データからsnapshotやchangeを作ったりするもろもろの処理はテスト中に何回も行うので、以下のようなヘルパー関数を用意しておくことにします。
// 任意のデータからsnapshotとchangeを作って返すヘルパー
const makeUserChange = async (
tester: FeaturesList,
beforeData: User,
afterData: User,
) => {
// 実際にfirestoreエミュレータにデータを書き込む
const userId = (await db.user.add(beforeData)).id
// パスにそのidを指定してスナップショットを作る
const beforeSnap = tester.firestore.makeDocumentSnapshot(
beforeData,
`user/${userId}`,
) as QueryDocumentSnapshot<User>
const afterSnap = tester.firestore.makeDocumentSnapshot(
afterData,
`user/${userId}`,
) as QueryDocumentSnapshot<User>
const change = tester.makeChange<QueryDocumentSnapshot<User>>(
beforeSnap,
afterSnap,
)
// 変更前と変更後のスナップショット、そしてchangeを返す
return { beforeSnap, afterSnap, change }
}
これで変更対象のドキュメントがfirestoreのエミュレータに実際にある状態でテストが行うことができます。(エミュレータのuiを開いてテストを実行すると、実際に書き込まれているのが確認できます)。
test('__stateがdefaultのままのとき、APIリクエストが飛ばない', async () => {
// APIコールをモック
const apiSpy = vi
.spyOn(api, 'callApi')
const beforeData: User = {
__state: 'default'
// 他のデータ
}
const afterData = {
__state: 'default'
// 他のデータ
}
const { change } = await makeUserChange(tester, beforeData, afterData)
await wrapped(change)
// APIリクエストが飛ばないことを確認
expect(apiSpy).not.toHaveBeenCalled()
})
firestoreのクリーンアップと直列での実行
このテストでは実際にfirestore(のエミュレータ)に実際に書き込んでテストを行いますが、やはりテストごとにデータを毎回消去したいところです。
firestoreのsdkにはコレクションのデータをすべて消すAPIはありませんが、エミュレータに限っては、それを行うための以下のようなRESTエンドポイントがローカルに用意されています。

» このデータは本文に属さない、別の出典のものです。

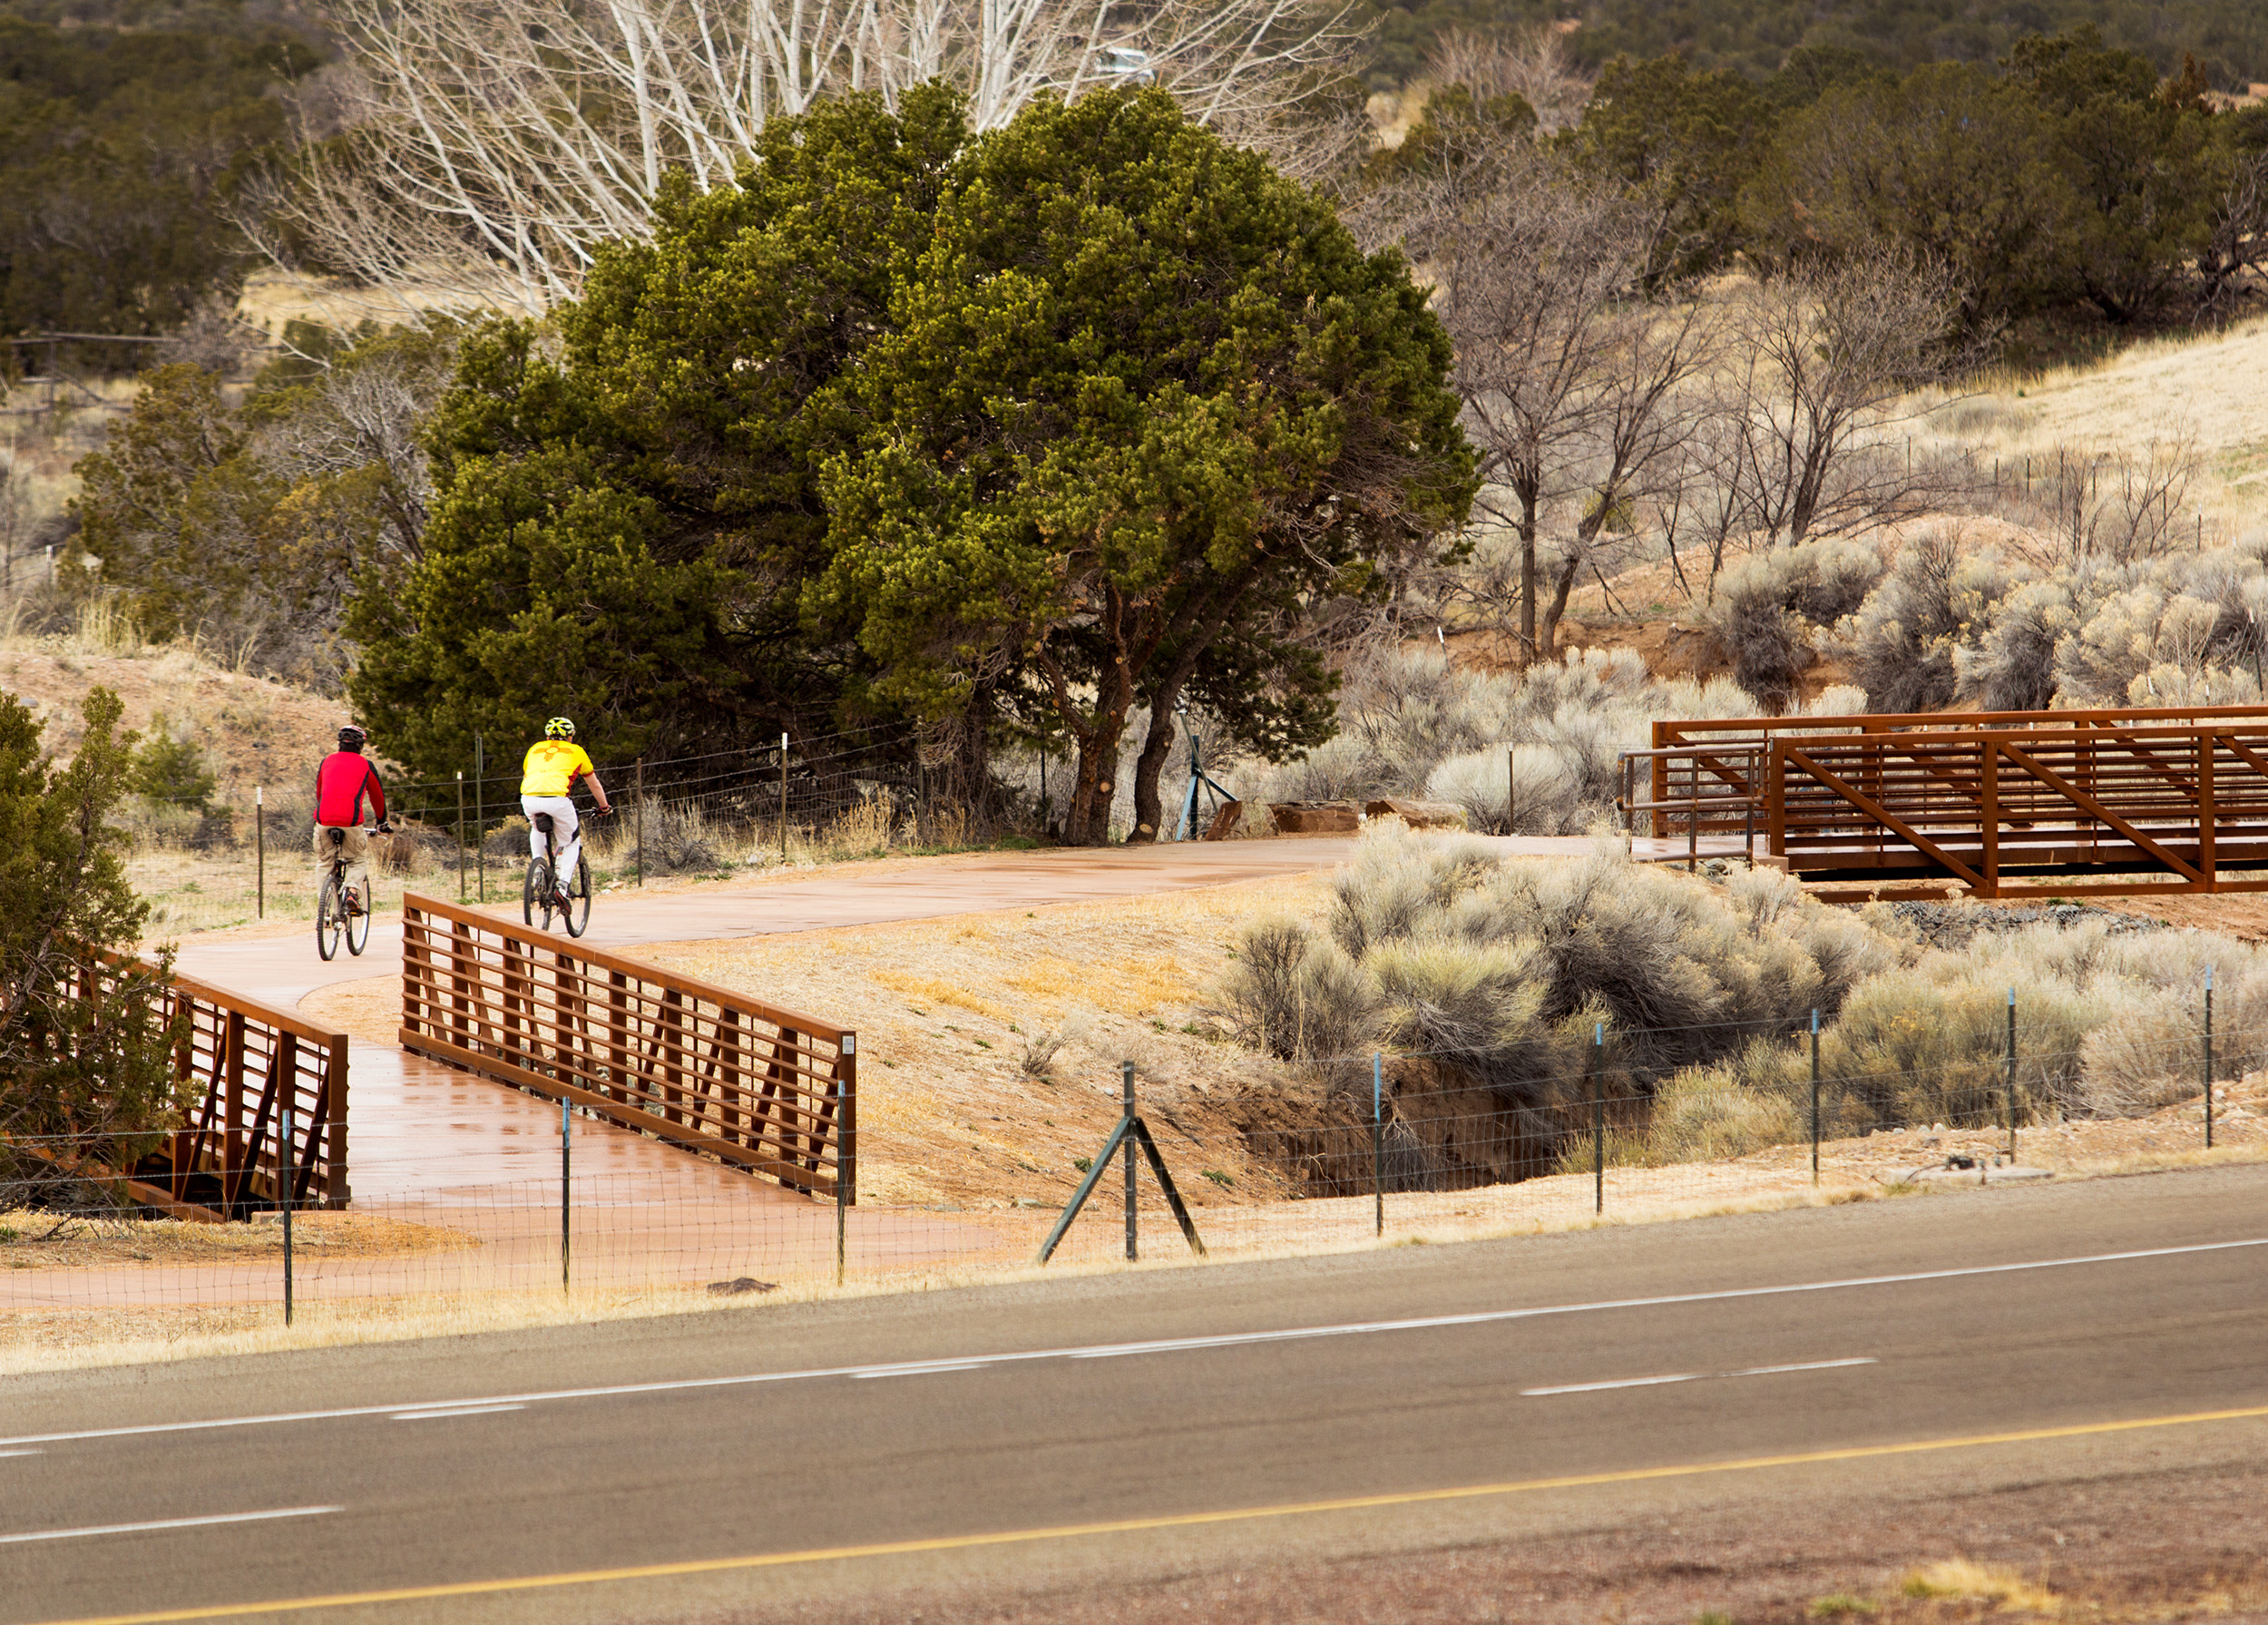 Wilson & Company worked with the City of Santa Fe, NM, to develop a Trails Master Plan  to formalize the 25+ miles of wilderness trails for hikers, bikers, and equestrians.

http://HOST:PORT/emulator/v1/projects/PROJECT_ID/databases/(default)/documents
afterEachでこのエンドポイントにリクエストしてあげれば、エミュレータのデータを毎回消去することができます。
afterEach(async () => {
// テスト後にfirestoreのデータを削除する
await fetch(
`http://${process.env.FIRESTORE_EMULATOR_HOST}/emulator/v1/projects/${process.env.GCLOUD_PROJECT}/databases/(default)/documents`,
{ method: 'DELETE' },
)
})
また、テストが並列で実行されると、別のテストで書き込まれたデータが影響してしまうため、直列で実行するようにします。vitestの場合は、以下のように設定ファイルでthreads:false
を指定します。
import { configDefaults, defineConfig } from 'vitest/config'
export default defineConfig({
test: {
exclude: [...configDefaults.exclude],
threads: false,
},
})
テストの実行速度が遅くならないか心配ではありましたが、自分は今のところこれで困ったことはありません。
最終形
最終的なテストファイルが以下です。
import functionTest from 'firebase-functions-test'
import { afterAll, afterEach, beforeAll, vi } from 'vitest'
import * as api from '../../services/api'
export const tester = functionTest({
projectId: '<project-id>',
})
beforeAll(() => {
vi.stubEnv('FIRESTORE_EMULATOR_HOST', '127.0.0.1:8080')
})
afterAll(() => {
vi.unstubAllEnvs()
})
afterEach(async () => {
// テスト後にfirestoreのデータを削除する
await fetch(
`http://${process.env.FIRESTORE_EMULATOR_HOST}/emulator/v1/projects/${process.env.GCLOUD_PROJECT}/databases/(default)/documents`,
{ method: 'DELETE' },
)
})
test('__stateがdefaultのままのとき、APIリクエストが飛ばない', async () => {
// APIコールをモック
const apiSpy = vi
.spyOn(api, 'callApi')
const beforeData: User = {
__state: 'default'
// 他のデータ
}
const afterData = {
__state: 'default'
// 他のデータ
}
const { change } = await makeUserChange(tester, beforeData, afterData)
await wrapped(change)
// APIリクエストが飛ばないことを確認
expect(apiSpy).not.toHaveBeenCalled()
})
test('__stateがdefault -> updatedに更新されたとき、APIリクエストが飛ぶ', async () => {
// APIコールをモック
const apiSpy = vi.spyOn(api, 'callApi')
const beforeData: User = {
__state: 'default'
// 他のデータ
}
const afterData = {
__state: 'updated'
// 他のデータ
}
const { afterSnap, change } = await makeV1ImportChange(
tester,
beforeData,
afterData,
)
await wrapped(change)
// APIリクエストが飛ぶことを確認
expect(apiSpy).toHaveBeenCalled()
// stateがdefaultに戻ることを確認
const data = (await afterSnap.ref.get()).data()
expect(data?.__state).toBe('default')
})
実際には、afterEach
などに書かれている処理は別のファイルにおいて、フレームワークの設定でsetupファイルなどとして指定すると良いでしょう。
コマンド
エミュレータの起動とテストのコマンドが別だと不便なので、emulators:exec
を使った以下のようなコマンドを用意しておくと便利です。
"scripts": {
"test": "yarn firebase emulators:exec --only firestore 'yarn vitest'",
},
他のトリガーのテスト
今回はfirestoreトリガーのfunctionのテストを書きましたが、authトリガーやhttp関数のテストも書くことができます。ただし、beforeCreate
などのBlocking Functionにはどうやら対応していないようでした。
まとめ
firebase-functions-test
とfirebaseのエミュレータを利用すれば、モックなどをなるべく使わず本番に近い環境でのテストをローカルで実行することができて便利という話でした。
この記事がどなたかの参考になれば幸いです。